Any level of paid remuneration will trigger a potential tax liability for the student, and in some cases involving unearned income, the parent may wind up paying the tax, according to Rick Marmon, an associate professor of accounting in the Rohrer College of Business at Rowan University, Glassboro, N.J. who holds advanced degrees in business, law and tax and is a certified public accountant, certified management accountant and licensed attorney.
There are a couple of planning considerations that anyone with working kids should know that will help make reporting a little less taxing in the new year, said Marmon, who teaches taxation courses in the undergraduate and graduate business programs.
First, children under the age of 24 who are full-time students at least some part of five months during the year are generally considered dependents of their parents. Dependents are not entitled to reduce their taxable income by their personal exemption ($3,650 for 2010), which means that once a child earns more than $5,700 (his/her standard deduction), he/she will have a tax liability.
One thing that a working youth should do is file a W-4 with his/her employer exempting him/her from tax withholding if his/her projected earnings are less than $5,700. There is little need to waste time and money filing a tax return when the child ultimately will get a refund of all taxes withheld during the year, Marmon said.

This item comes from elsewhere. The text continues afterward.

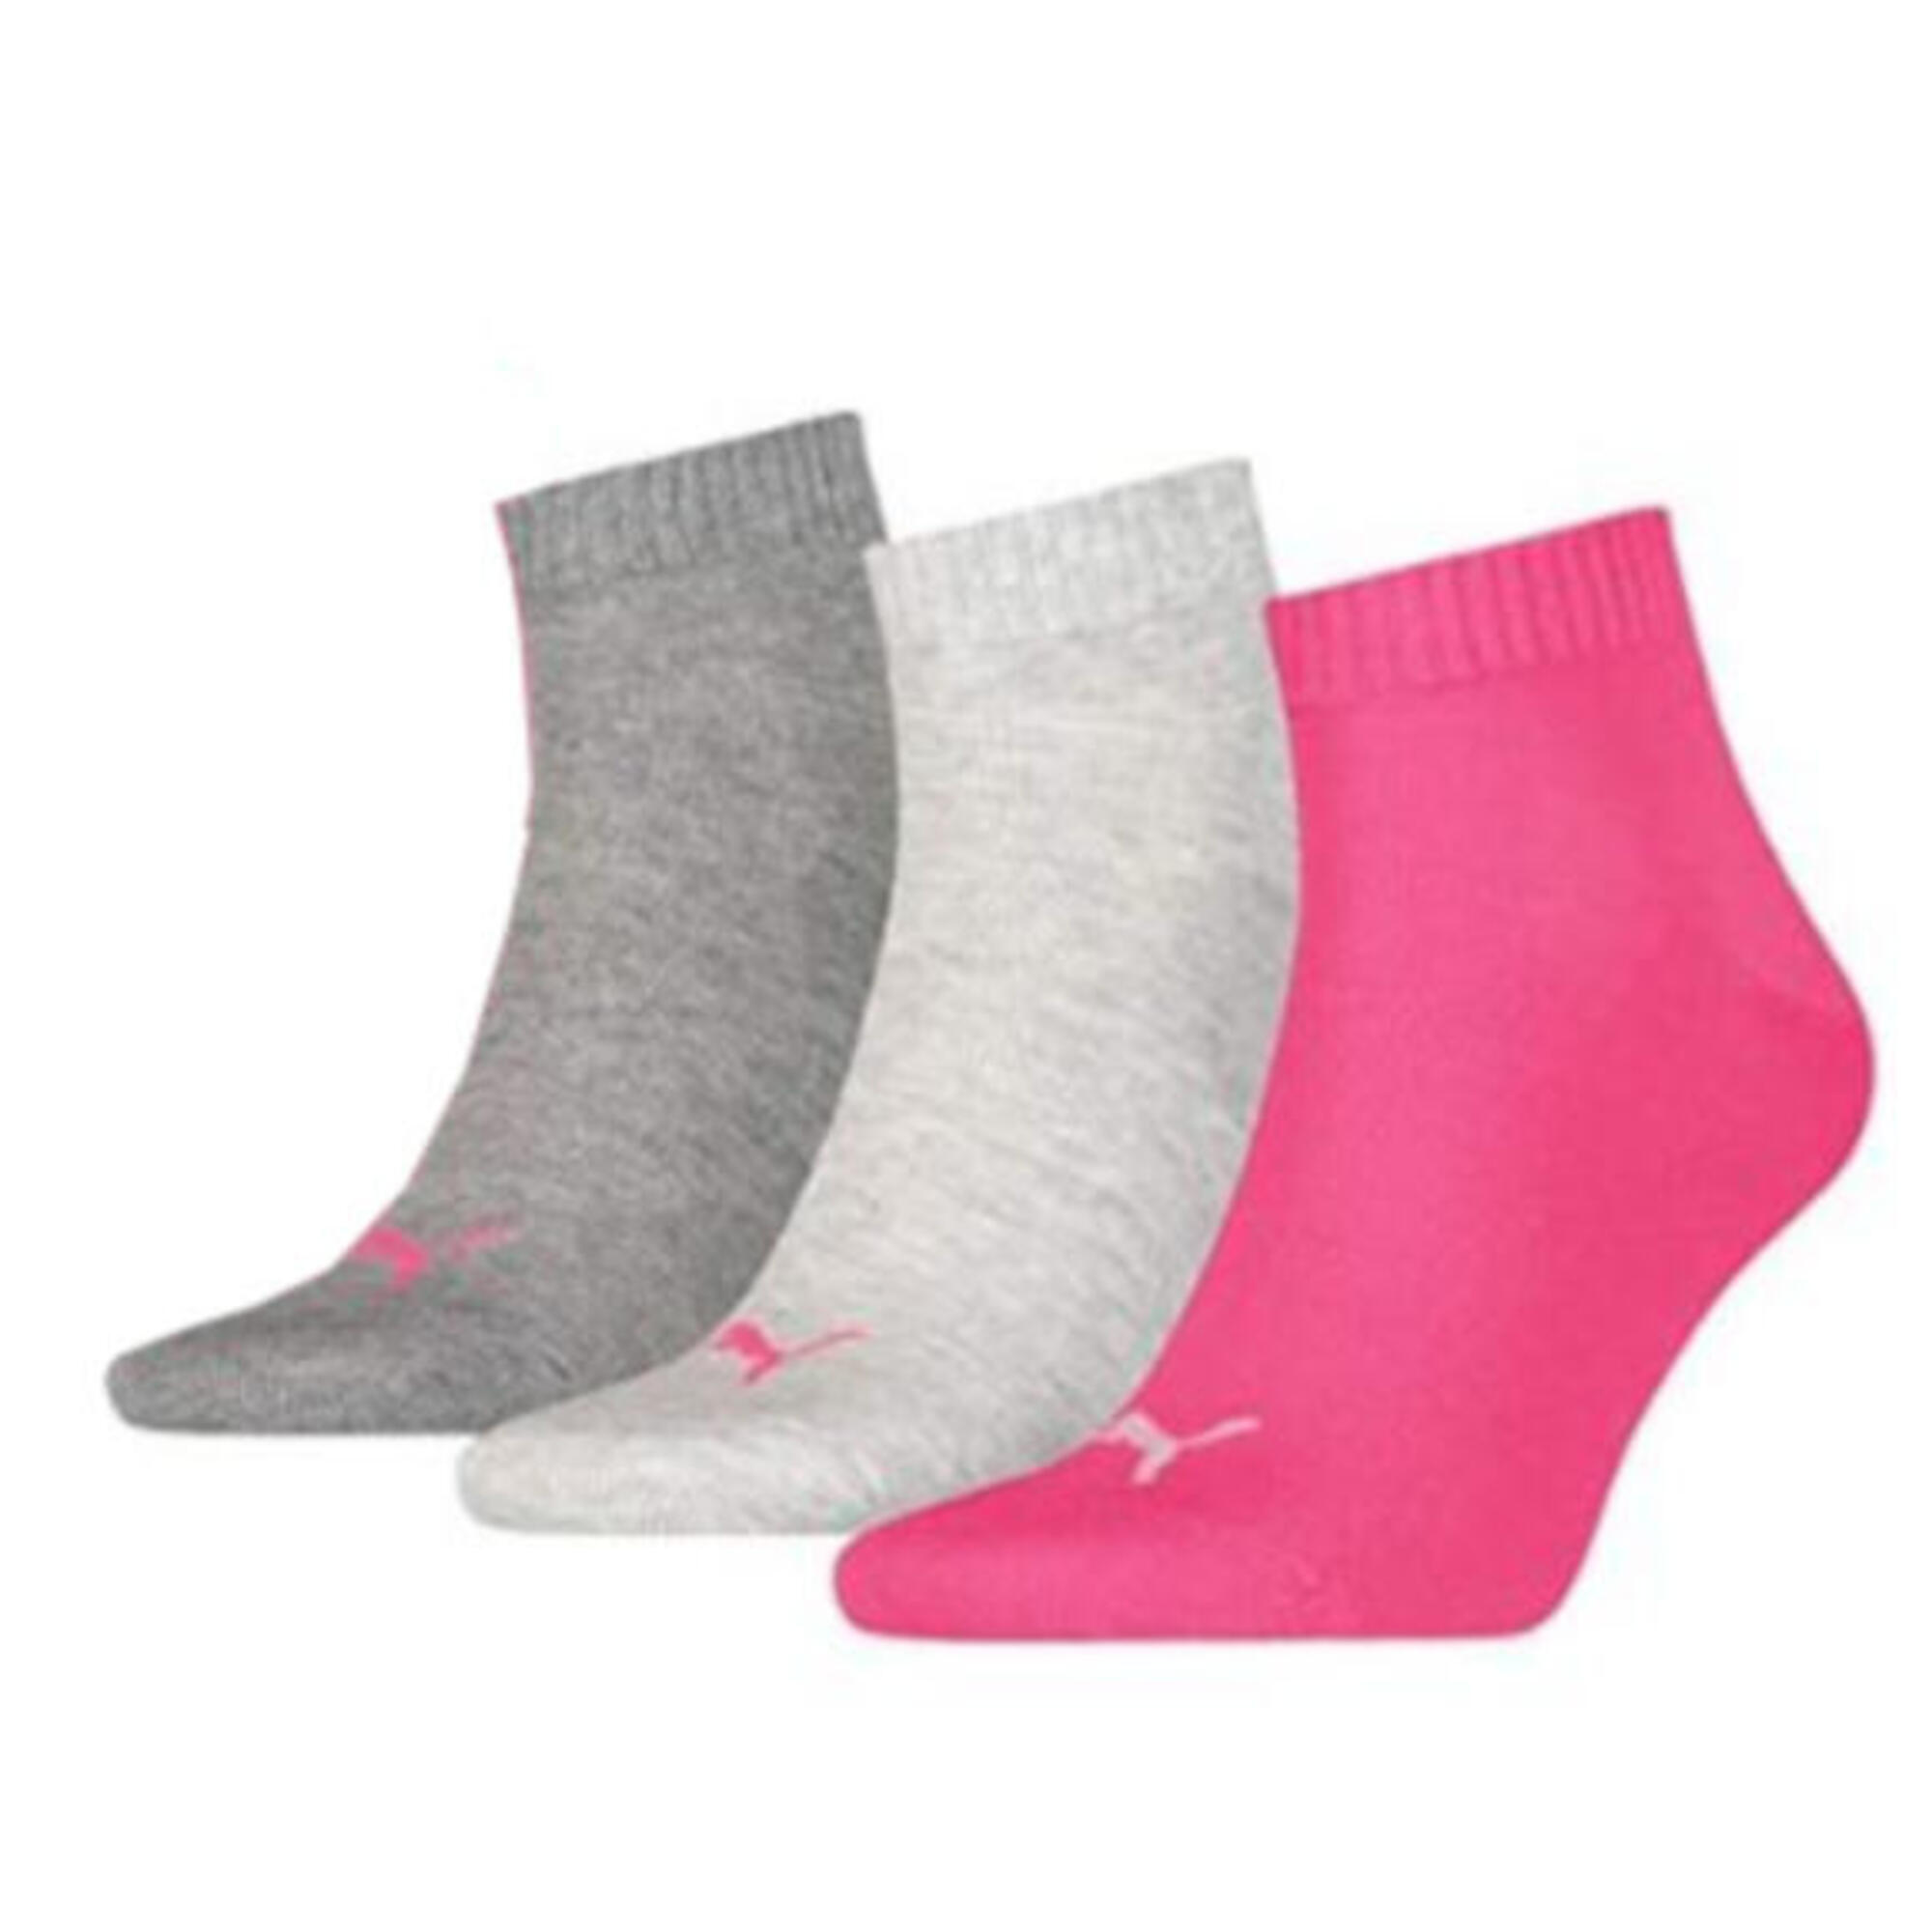 Puma chaussettes de sport coton rose/gris/gris clair 3 paires

Second, if a child has unearned income exceeding $1,900, he/she will have to pay tax on the excess at his/her parent’s marginal tax rate. This provision was added to the Internal Revenue Code to prevent parents from reducing their taxes by putting their stocks and CDs in their childrens’ names. The “kiddie tax,” as it is known, applies to children under 18 years of age or under age 24 who are full-time students and whose earned income does not exceed half of their support (excluding scholarships).
Another issue involving working kids is the dreaded “self-employment tax.” If a child is engaged in some type of work that is considered self-employment income and he/she earns more than $433, he/she must pay a 15.3-percent self-employment tax in addition to any federal income tax required. Self-employment income includes any money earned that is not reported on a W-2 by an employer. For instance, that summer lawn business or odd-job business is subject to self-employment tax; however, babysitters have been held to be employees of the parents for whom they are working and are not subject to the tax.
In addition to the federal tax issues, most states require some form of reporting and/or tax obligation for student workers. Addition detail and instructions can be found in IRS Publication 929: Tax Rules for Children and Dependents.